Justin Nelson Takes the Next Step 

Fortunately for Nelson, “I had a bunch of friends who were going into finance, and they helped me think through the process, like how to get a job.” Eventually, he scored an internship at JPMorgan and ultimately — in addition to completing an MBA at Columbia University — he says, “I’ve been there for my whole career.” After a few years at the private bank, Nelson wanted to help students like himself who wanted to pursue a career in finance.  

He started asking key questions about changing the culture surrounding finance-focused careers on Tufts’ campus, wondering, “Who’s there to give people advice, help them make connections, get a job?  

“I didn’t have a lot of money to give, but I had plenty of time to give, so I started going on campus and recruiting.” That may not seem like a significant move, but as Justin Nelson notes, Tufts was then “not a school that a JPMorgan would typically recruit at, so I think I had to push a little harder internally to be able to do that.”  

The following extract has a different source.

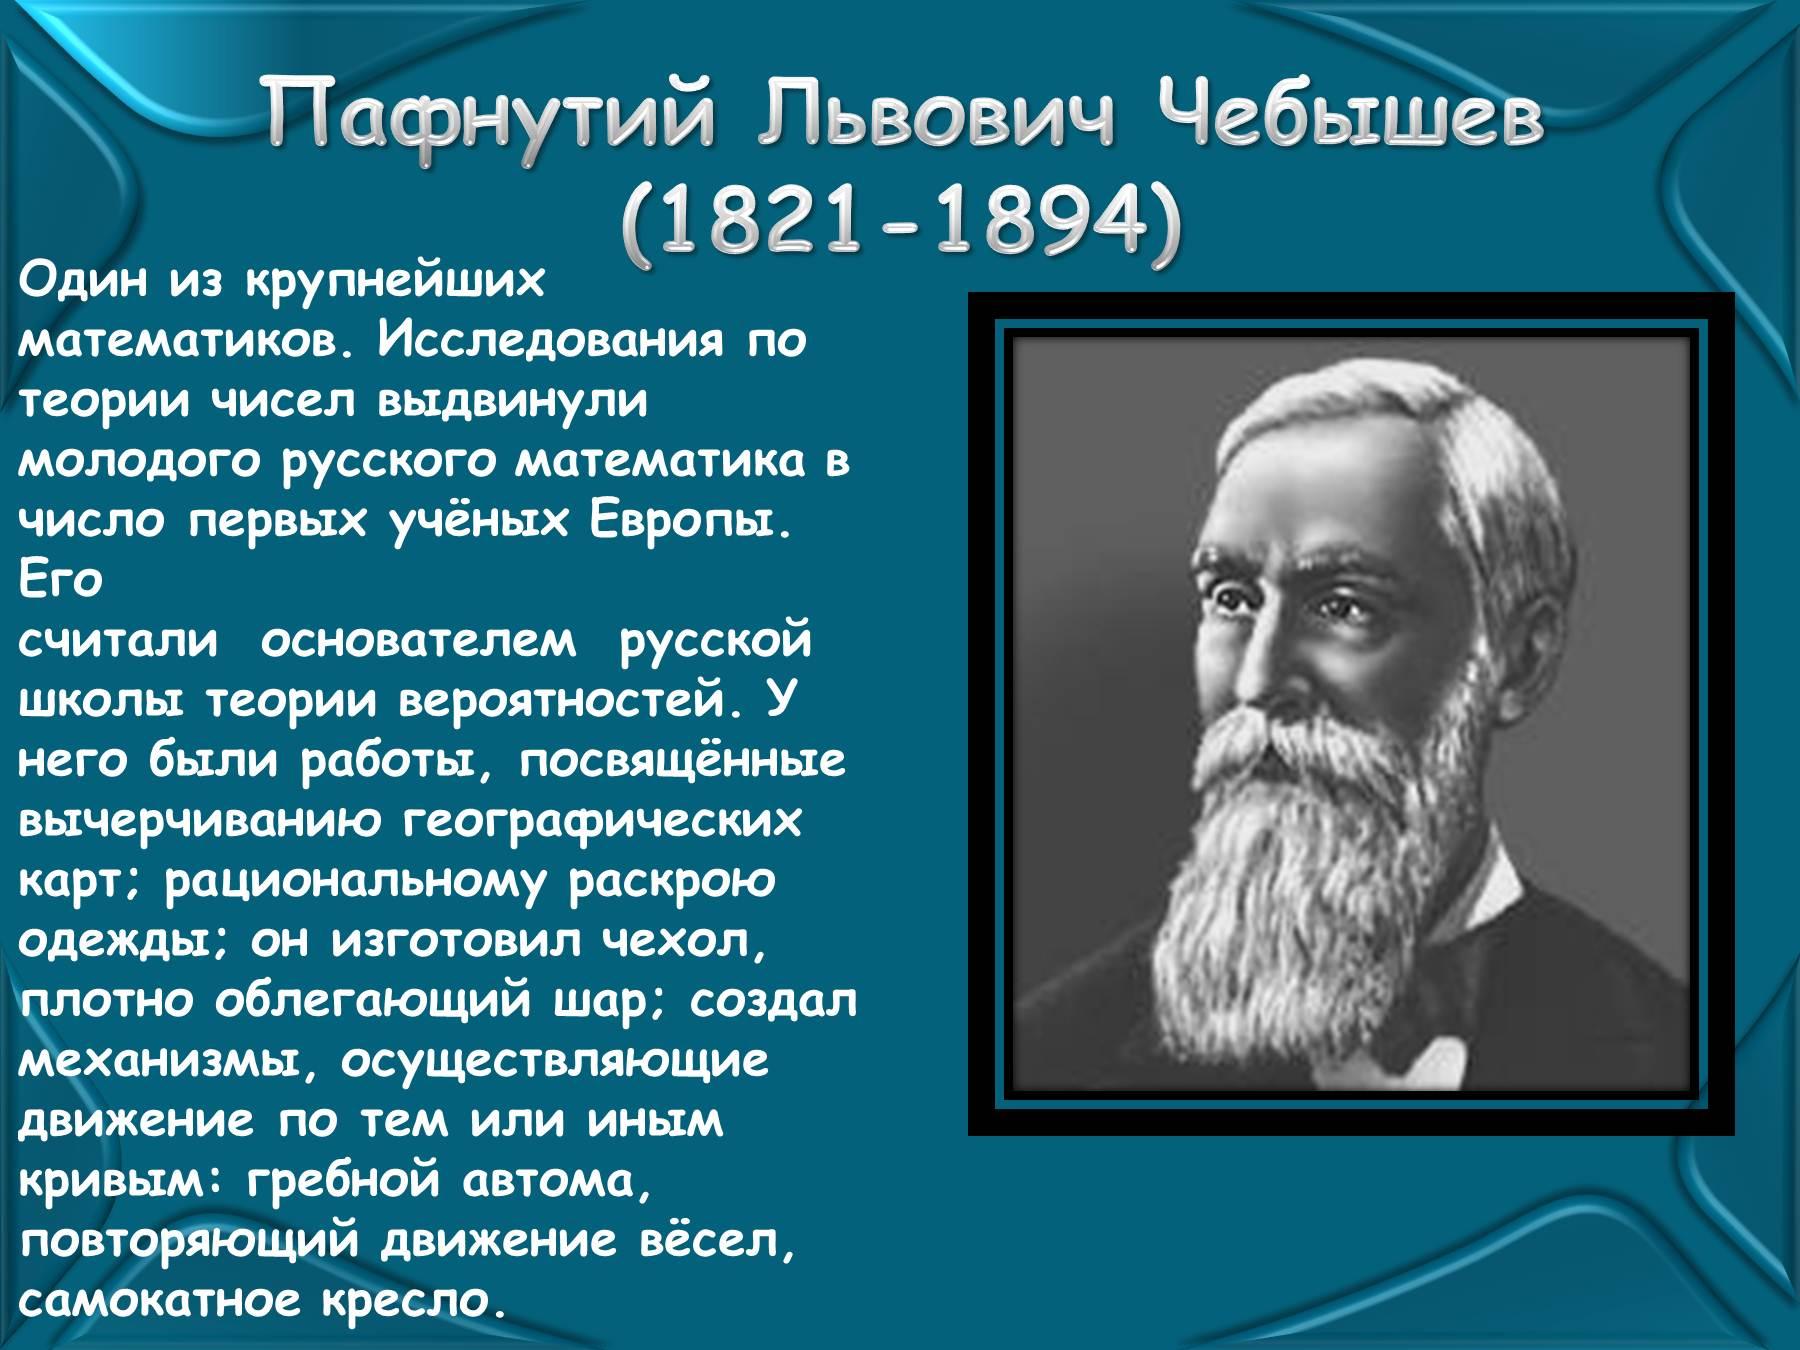 Пафнутий Львович Чебышев (1821-1894)

His efforts paid off. “At some point, the school recognized the issue as well. So they did build a recruiting center,” he says. Today, thanks to Nelson and some fellow alums, there’s a finance initiative on campus. Additionally, he notes, “There are several clubs on campus that have direct recruiting opportunities for students. I like to think that I was a part of that.”  

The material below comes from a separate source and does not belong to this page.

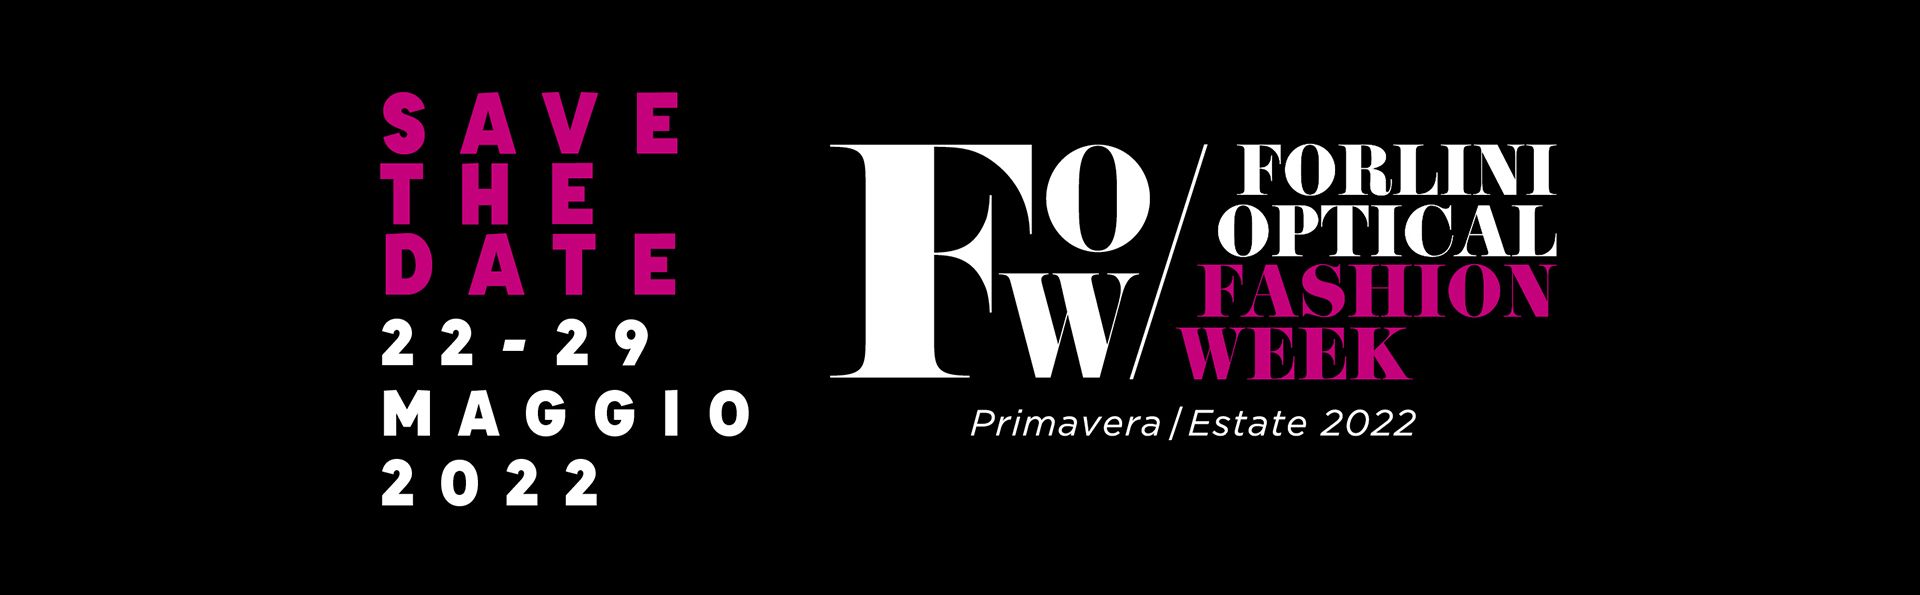 Forlini Optical Fashion Week 2022

Justin Nelson Talks Recruitment to Career Guidance 

In addition to spurring active career recruitment on campus, Nelson’s always happy to share his knowledge and guidance. Recently, he says, he moderated the Finance Career Forum for more than 100 students, talking about different finance topics and providing opportunities to network.” Moreover, he adds, “I probably talk to two or three students a week, and it’s all the way from freshmen through seniors, [from] people who are deciding, ‘What’s finance about?’ to people who are like, ‘I’m a senior, and I don’t have a job,’ or ‘Maybe now I like finance. What do I do? How do I think through that?’” 

His main goal in these conversations? He admits, “Yes, I’d love it if I recruit people, good people at JPMorgan, but also if they want jobs, if I can help them get a job elsewhere or help them think through that, or just give them some advice, I get a lot out of it because I feel like that was always something that I was missing. 

“People just need some level of help just to get on the right path to do what they want to do.” And Justin Nelson wants to provide those students with the support they need to succeed, meaning he’s likely to be a major presence on campus for years to come.